Pois bem, impressionado com as atrocidades cometidas pelos nazistas, Gustav Radbruch denuncia o positivismo como culpado pela situação de arbítrio implantada na Alemanha durante o nazismo (Gesetz und Recht, 1947), e busca uma fórmula teórica de compatibilização entre a positividade e a justiça; em Injustiça Legal e Direito Supralegal (Gesetzliches Unrecht und übergesetzliches Recht, 1946), depois de reconhecer que o positivismo, com sua afirmação de que “lei é lei” deixou os juristas alemães sem defesa contra leis arbitrárias e criminosas.

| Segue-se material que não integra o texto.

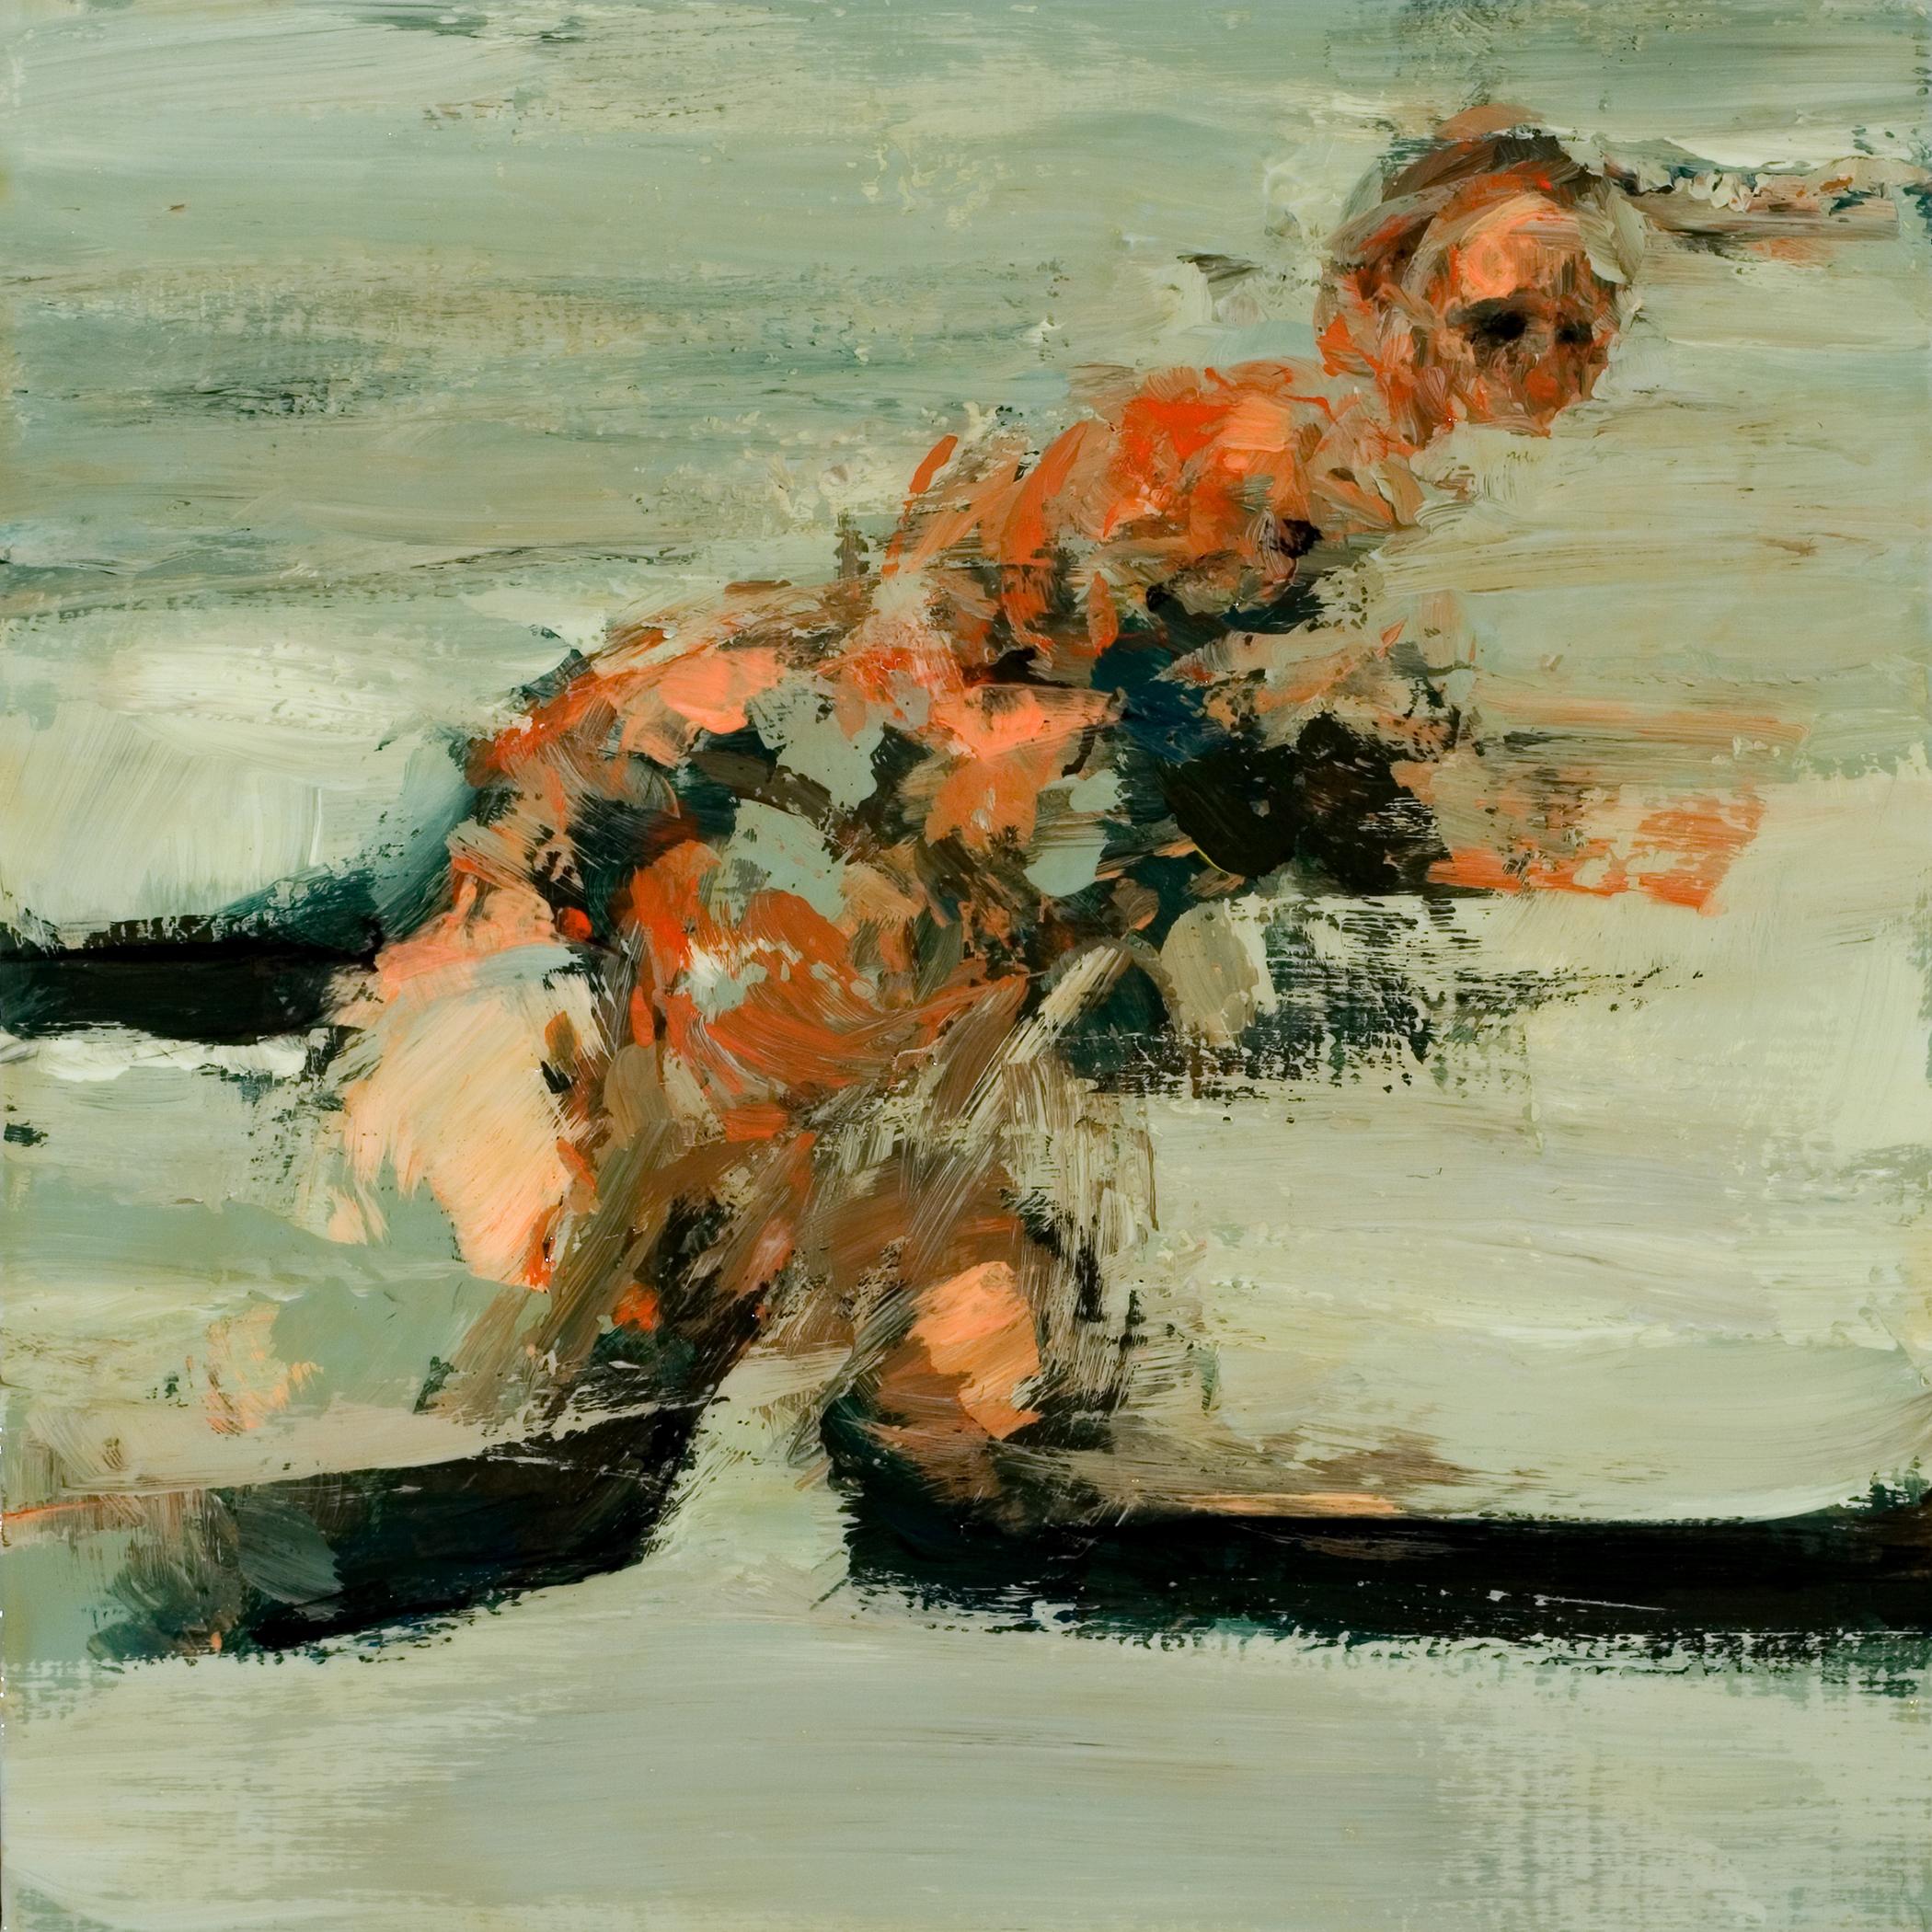 "Rough, acrylic & oil on board, 8"" x 8"" x 2"", 2010"

Diante disso, Gustav Radbruch passou a compreender na segunda fase de seu pensamento (após a experiência nazista), que o mundo dos valores jurídicos, mesmo no âmbito de uma visão neokantiana, é voltado, em última análise, para a concreção do direito na sociedade, conferindo aos homens aquilo que eles necessitam como bens existenciais, afeitos à vida em sua expressão comum, e não a fins imaginários ou utópicos (como no pensamento jurídico nazista).

Porém, o positivismo, sintetizado sob a fórmula “a lei é a lei”, deixou os juristas e a magistratura da Alemanha indefesos diante de monstruosas crueldades e arbitrariedades, por terem sido praticadas pelos detentores do poder daquela época sob a forma de lei, assim como diante da subsequente necessidade de correção jurídica das consequências de tais ilícitos, a propósito da qual continuou a apresentar sempre novas dificuldades. Nesse contexto, depois de um século de positivismo jurídico, permanece a ideia de um direito supralegal, no qual as leis positivas podem ser consideradas injustas.

Com isso, é possível formular alguns questionamentos relevantes que direcionam a presente pesquisa, quais sejam: até que ponto pode-se afirmar que existe efetivamente justiça, quando se impõe considerar inválidas regras positivas? Ou mesmo, até que ponto pode ser exigível a segurança jurídica quando ela imponha que leis devam ser reconhecidas como válidas, apesar da injustiça de seu conteúdo? Ou ainda, é possível compreender sobre que bases se constituía a autoridade do direito e a que influencias políticas ele estava sujeito? Outrossim, até que ponto as medidas tomadas pela autoridade nazista alcançavam realmente legitimidade e eram respeitadas pelos cidadãos? Seriam elas válidas e de fato úteis? Quais as suas limitações?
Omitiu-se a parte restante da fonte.